做A*算法的时候，会用到集合，如果选用的不正确，会极大影响执行速度。昨天执行一次短距离寻路大约是1ms，今天优化结束后，执行一次大约是0.02  0.06ms。地图是8方向tilemap。
结合我今天的优化过程，写一下优化重点：

尽量不使用、少用容器，可能的情况下尽量用vector代替map set
我只在open列表那里使用了一个multiset，集合里保存数组下标，根据f排序；别的数据都放在数组中；我省掉了close列表，我把close信息和f g放在一起保存。 
预先分配内存，避免动态伸缩vector，尽量使用更少内存。
open列表、搜索状态数组，都是提前分配的，并预留了足够空间，一旦分配就不再释放，直到程序退出。合理安排数据结构和布局，使用更少内存，一般说来这样可以更好的利用cpu缓存。 
尽量缓存计算结果
不要重复相同计算。 
可以先做一次Raycast碰撞检测，如果没有障碍物，不再执行A*算法，直线行走。
总体说来，主要的性能提升在第一条。第二条带来的提升，我没有衡量，因为我一开始就写成了预先分配内存，没有前后对比，大概有一倍吧。
参考文献：
下面这篇英文，对我很有启发：
我把std::sort改成std::multiset后，A*执行速度提升了68倍。
My recommendation: The best generic choice is a binary heap. If you have a binary heap library available, use it. If not, start with sorted arrays or unsorted arrays, and switch to binary heaps if you want more performance. If you have more than 10,000 elements in your OPEN set, then consider more complicated structures such as a bucketing system.
Unsorted arrays or linked lists#
The simplest data structure is an unsorted array or list. Membership test is slow, O(F) to scan the entire structure. Insertion is fast, O(1) to append to the end. Finding the best element is slow, O(F) to scan the entire structure. Removing the best element is O(1) with linked lists, and O(1) with unsorted arrays since we can change the order. The increasepriority operation is O(F) to find the node and O(1) to change its value.
Sorted arrays#
To make removebest fast, we can keep the array sorted. Membership is then O(log F), since we can use binary search. Insertion is slow, O(F) to move all the elements to make space for the new one. Finding the best is fast, O(1) since it’s already at the end. And removing the best is O(1) if we make sure the best sorts to the end of the array. The increasepriority operation is O(log F) to find the node and O(F) to change its value/position.
Make sure the array is sorted so that the best element is at the end.
Sorted linked lists#
With sorted arrays, insertion is slow. If we use a linked list, we can make that fast. Membership in the linked list is slow, O(F) to scan the list. Insertion is fast, O(1) to insert a new link, but it was O(F) to find the right position for it. Finding the best remains fast, O(1) because the best is at the end. Removing the best also is O(1). The increasepriority operation is O(F) to find the node and O(1) to change its value/position.
Binary heaps#
A binary heap (not to be confused with a memory heap) is a tree structure that is stored in an array. Unlike most trees, which use pointers to refer to children, the binary heap uses indexing to find children.
In a binary heap, membership is O(F), as you have to scan the entire structure. Insertion is O(log F) and removebest is O(log F).

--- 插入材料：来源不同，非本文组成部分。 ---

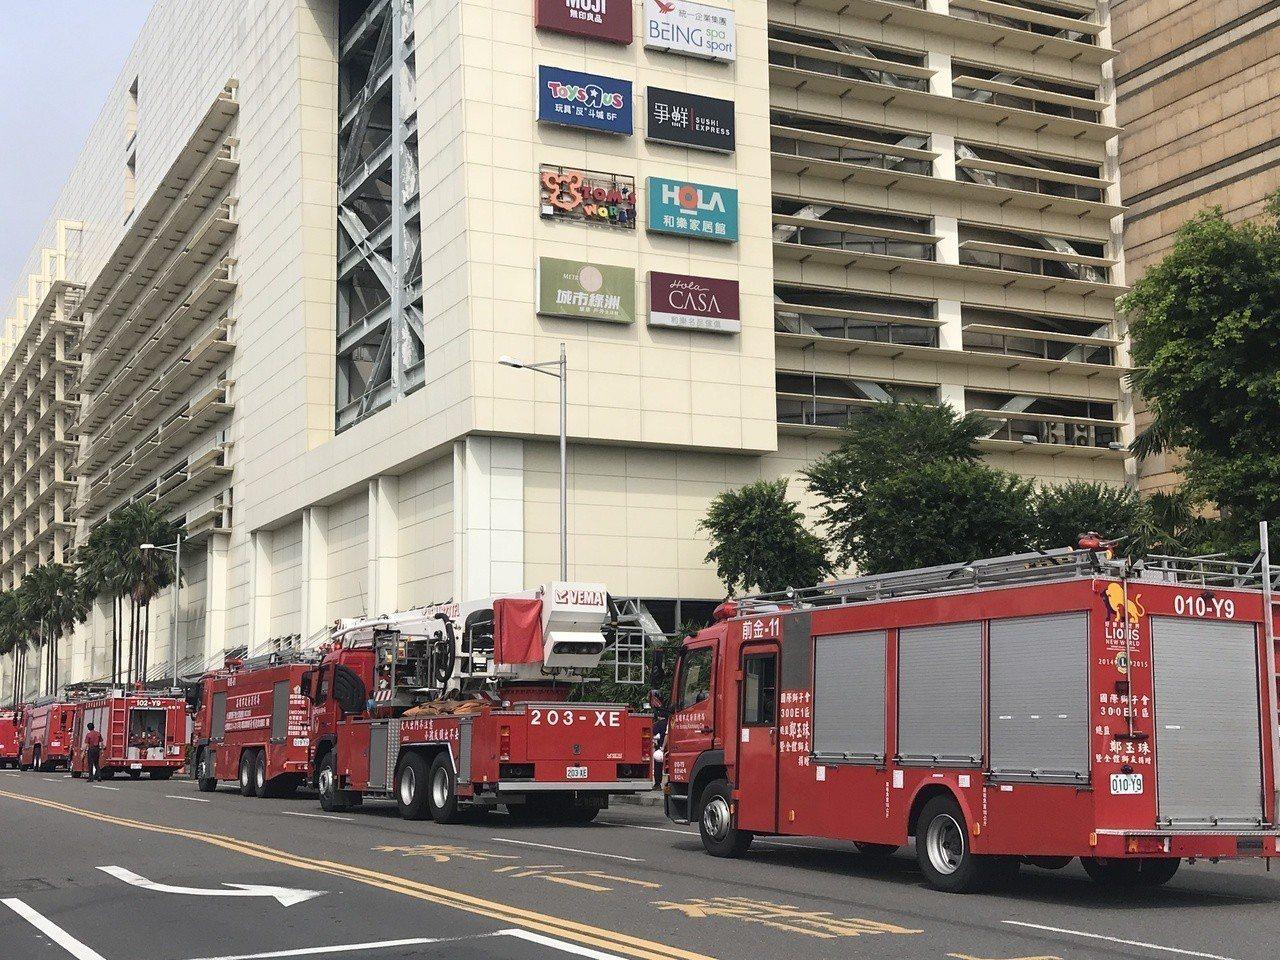 高市夢時代頂樓驚傳火警,竄出濃煙,消防人員出動人車趕抵現場,火勢已經撲滅。記者劉...

The increasepriority operation is tricky, with O(F) to find the node and surprisingly, only O(log F) to increasepriority it. Unfortunately most priority queue libraries don’t include this operation. Fortunately, it’s not strictly necessary . So I recommend not worrying about it unless you absolutely need to. Instead of increasing priority, insert a new element into the priority queue. You’ll potentially end up processing the node twice but that’s relatively cheap compared to implementing increasepriority.
In C++, use the priority_queue class, which doesn’t have increasepriority, or Boost’s mutable priority queue, which does. In Python, use the heapq library.
You can combine a hash table or indexed array for membership and a priority queue for managing priorities; see the hybrid section below.
As part of my newer A* tutorial, I have a complete A* implementation in Python and C++ using binary heaps for the priorities and hash tables for the for membership. I do not implement increasepriority and explain why in the optimization section. I also have some C# code there.
A variant of the binary heap is a dary heap, which has more than 2 children per node. Inserts and increasepriority become a little bit faster, but removals become a little bit slower. They may have better cache performance. Bheaps are also worth a look if your frontier is large.
I have only used binary heaps and bucket approaches for my own pathfinding projects. If binary heaps aren’t good enough, then consider pairing heaps, sequence heaps, or a bucket based approach. The paper Priority Queues and Dijkstra’s Algorithm is worth a read if you are unable to shrink the graph and need a faster priority queue.
Sorted skip lists#
Searching an unsorted linked list is slow. We can make that faster if we use a skip list instead of a linked list. With a skip list, membership is fast if you have the sort key: O(log F). Insertion is O(1) like a linked list if you know where to insert. Finding the best node is fast if the sort key is f
, O(1), and removing a node is O(1). The increasepriority operation involves finding a node, removing it, and reinserting it.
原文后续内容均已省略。